The lead opinion substitutes its conclusion for that of the trial court that the defendant "created an emergency as opposed to having been confronted with an emergency.” Ante, p 220.

2 Wright, Federal Practice & Procedure: Criminal, § 374, p 315.

See People v Petrella, n 2 supra.

See People v Hampton, 407 Mich 354; 285 NW2d 284 (1979), cert den 449 US 885 (1980).

The trial judge made specific findings on all the evidence introduced at trial, including the fact that the defendant swerved into the other lane to avoid hitting a real estate sign lying on its side in the defendant’s lane. The judge concluded that the defendant had failed to act as a "reasonable, prudent person under all the circumstances”; thus, the defendant’s conduct amounted to ordinary negligence and convicted the defendant of negligent homicide.

The lead opinion cites cases holding that a person should not be judged guilty of negligence merely because, in retrospect, the person is deemed not to have used the best judgment under the circumstances. However, those are situations in which under former law persons accused of contributory negligence in civil suits contested the allegations on the basis that their negligence was a reasonable reaction to the emergency created by the other party. See Maddux v Donaldson, 362 Mich 425, 428; 108 NW2d 33 (1961); Craddock v Torrence Oil Co, 322 Mich 510, 517; 34 NW2d 51 (1948); Loucks v Fox, 261 Mich 338, 343; 246 NW 141 (1933).

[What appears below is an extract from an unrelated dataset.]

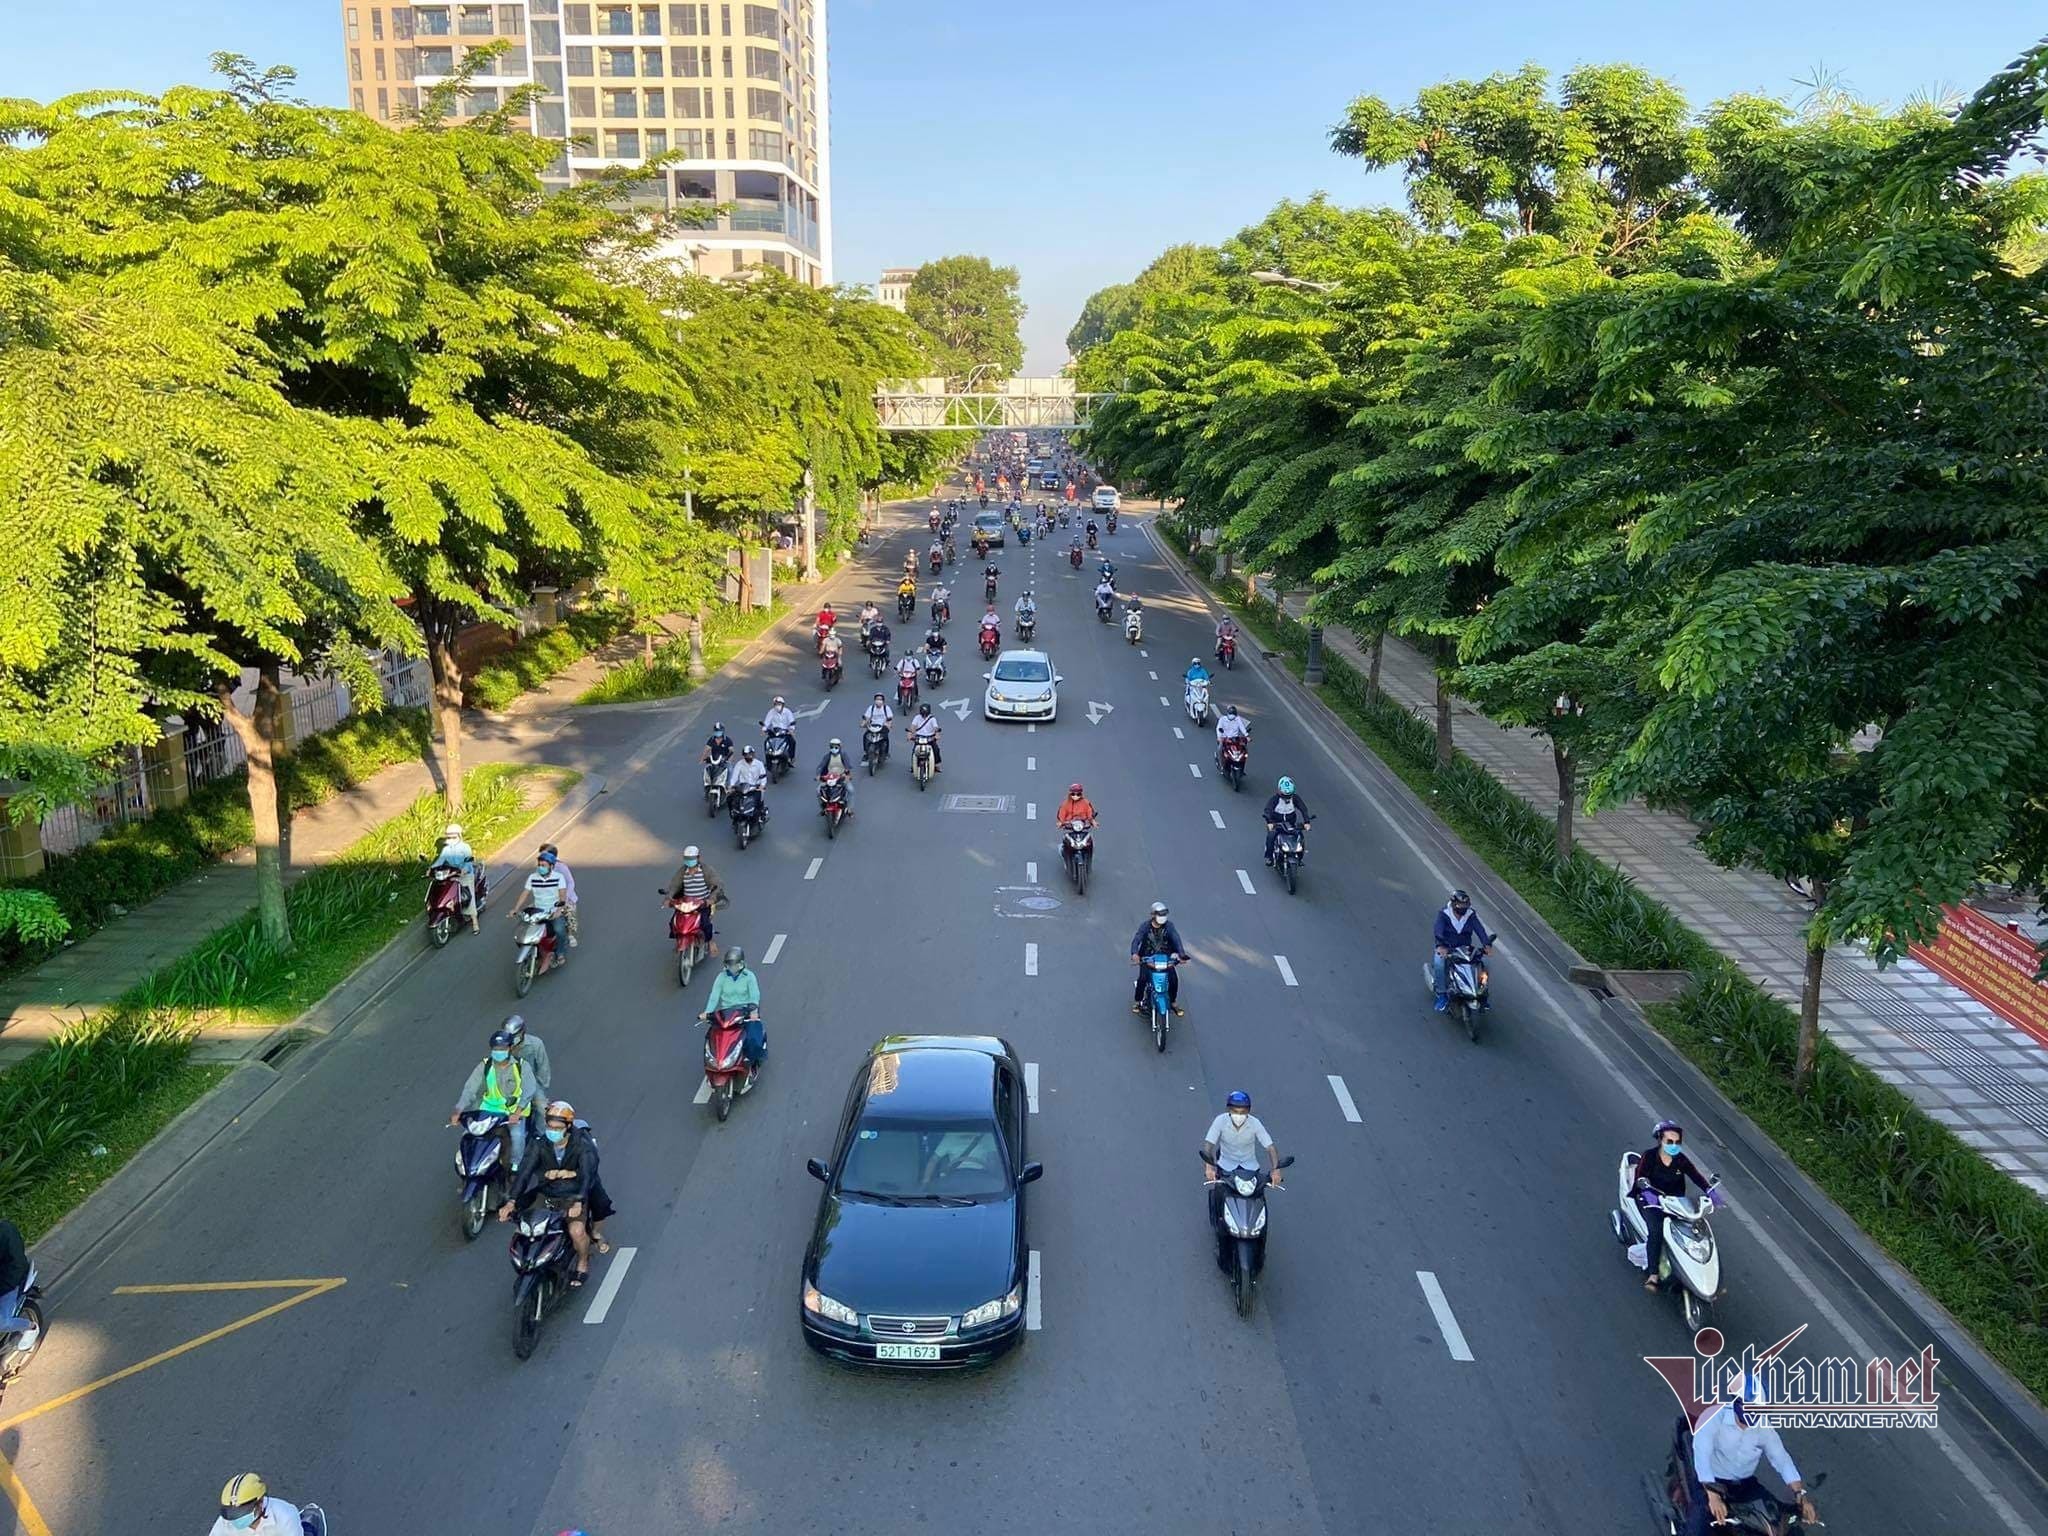 TP.HCM: Thành phố Hồ Chí Minh - trái tim của miền Nam, nơi giao thoa của văn hóa, lịch sử và hiện đại. Hãy khám phá những nét đẹp đặc trưng của thành phố sôi động này và tìm hiểu về lịch sử và văn hóa đa dạng của nơi này.

As defense counsel noted in his argument:

What this case boils down to me is what a driver does, what an average driver does when he’s driving down the road thirty-five miles an hour. It’s a paved road. He’s [it’s] got some cracks in it, some patches. We’ve got a narrow berm on his side with trees in a ditch and he sees a six foot sign and he has to decide immediately what to do.
Mr. Traughber testified that he just couldn’t go to the right and whether he should have gone over to the side and gone to *231the left and thought he could get back into his own lane is probably the question that the Court has got to determine.

The "emergency” doctrine also cannot serve to excuse an actor when the emergency was created through the actor’s own negligence. In addition, there are some "emergencies” which a person must anticipate. In present day traffic conditions, "any driver of an automobile must be prepared for the sudden appearance of obstacles and persons in the highway . . . .” Prosser & Keeton, Torts (5th ed), § 33, p 197.

It is important to note that thirty feet is approximately three car *232lengths and that a car traveling one mile per hour covers 1.5 feet per second. In this case, the defendant, traveling thirty-five miles per hour, would travel fifty-two and one-half feet per second, and the oncoming car would be traveling toward the defendant at approximately the same rate.

The fact that there are no street lights on Denton Road does not mean that, with his headlights on, the defendant could not have seen the sign until he was suddenly on top of it. The defendant had been drinking, was arguing with the passenger, Irene Baker, in the car, and thus did not see the sign until he came directly upon it. Then, rather than stop or swerve to the right of the sign, he swerved into the path of an oncoming car.

In this case, the trier of fact had to have found the defendant guilty of every element of the crime of negligent homicide beyond a reasonable doubt. MCL 750.324; MSA 28.556.